DATA SECTION:
--- --- ---

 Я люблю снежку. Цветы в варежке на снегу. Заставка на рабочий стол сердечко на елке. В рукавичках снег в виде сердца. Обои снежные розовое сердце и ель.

--- --- ---

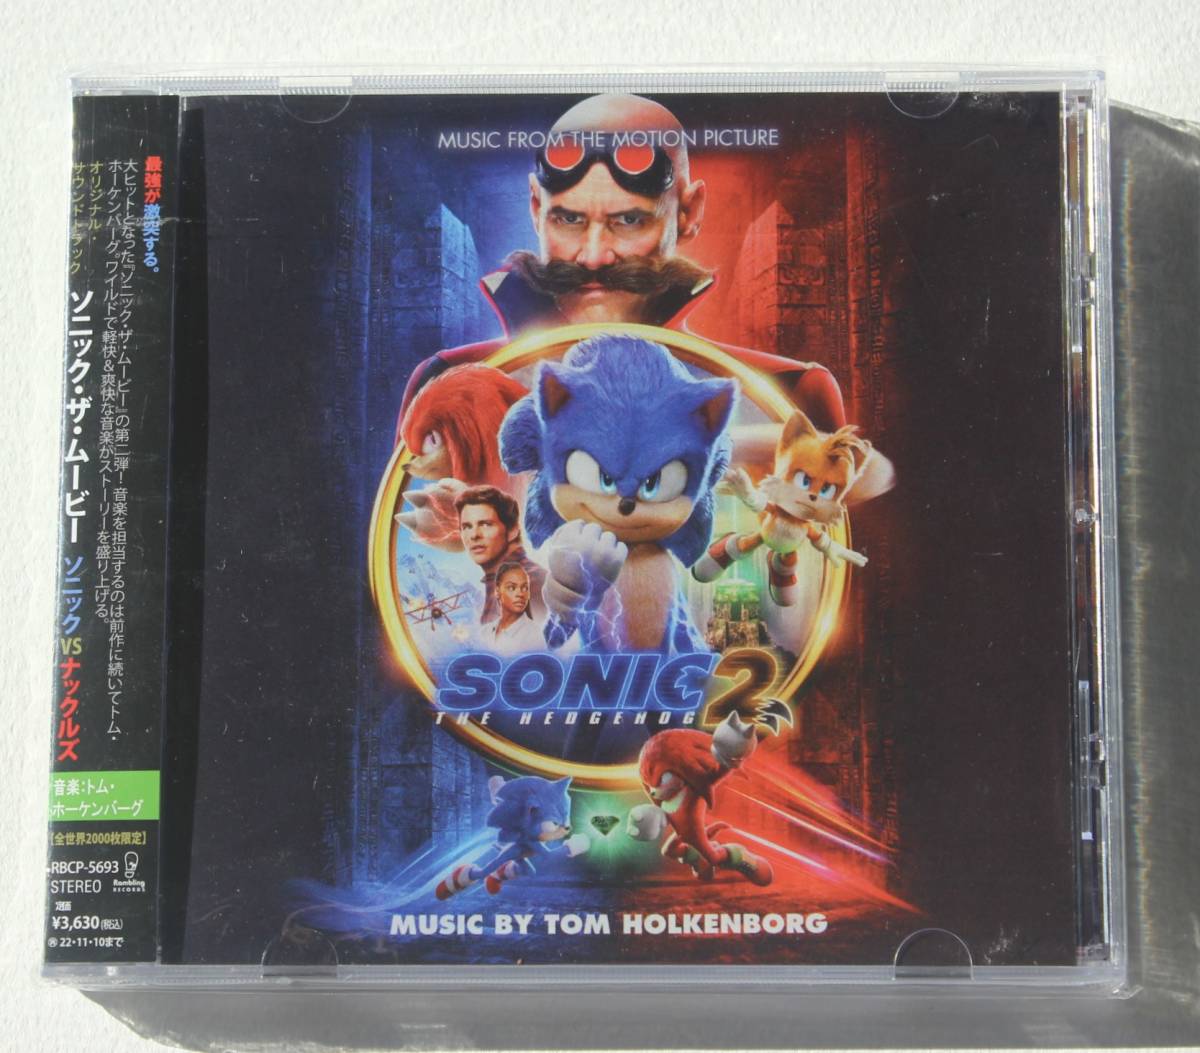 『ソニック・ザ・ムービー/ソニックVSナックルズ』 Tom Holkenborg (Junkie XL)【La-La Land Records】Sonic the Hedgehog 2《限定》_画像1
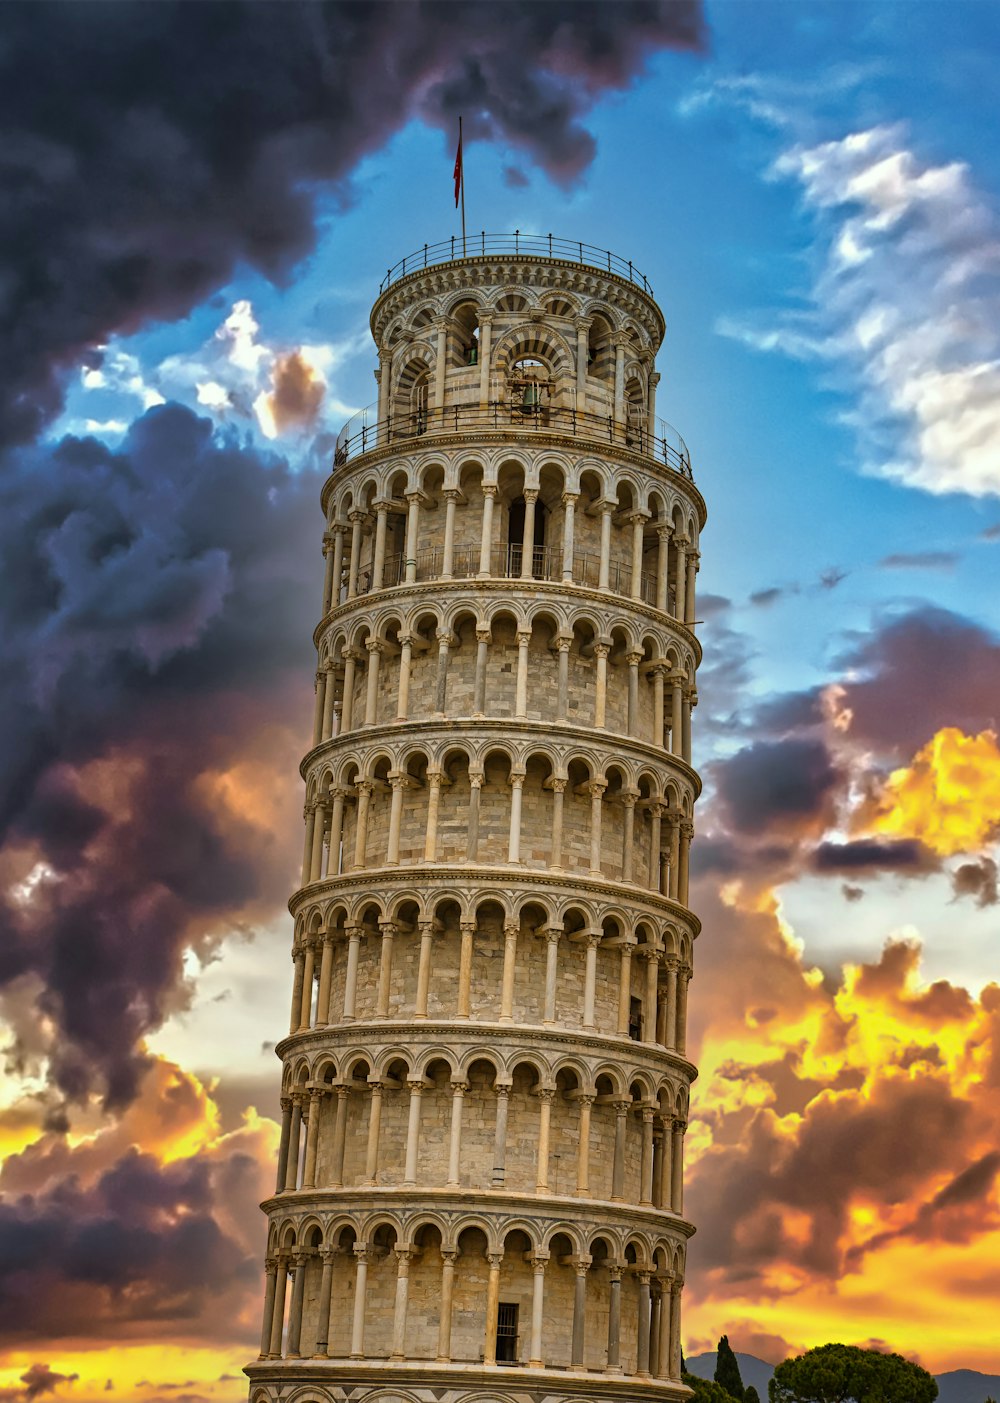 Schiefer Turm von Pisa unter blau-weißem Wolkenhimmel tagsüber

--- --- ---

WHAT THE TASK ASKS:
An exact transcription is needed of the lines from the one with "the Hedgehog 2《限定》_画像1" to the one with "Schiefer Turm von" above, both ends included, with pictures left out.

ANSWER BOX:
 『ソニック・ザ・ムービー/ソニックVSナックルズ』 Tom Holkenborg (Junkie XL)【La-La Land Records】Sonic the Hedgehog 2《限定》_画像1
 Schiefer Turm von Pisa unter blau-weißem Wolkenhimmel tagsüber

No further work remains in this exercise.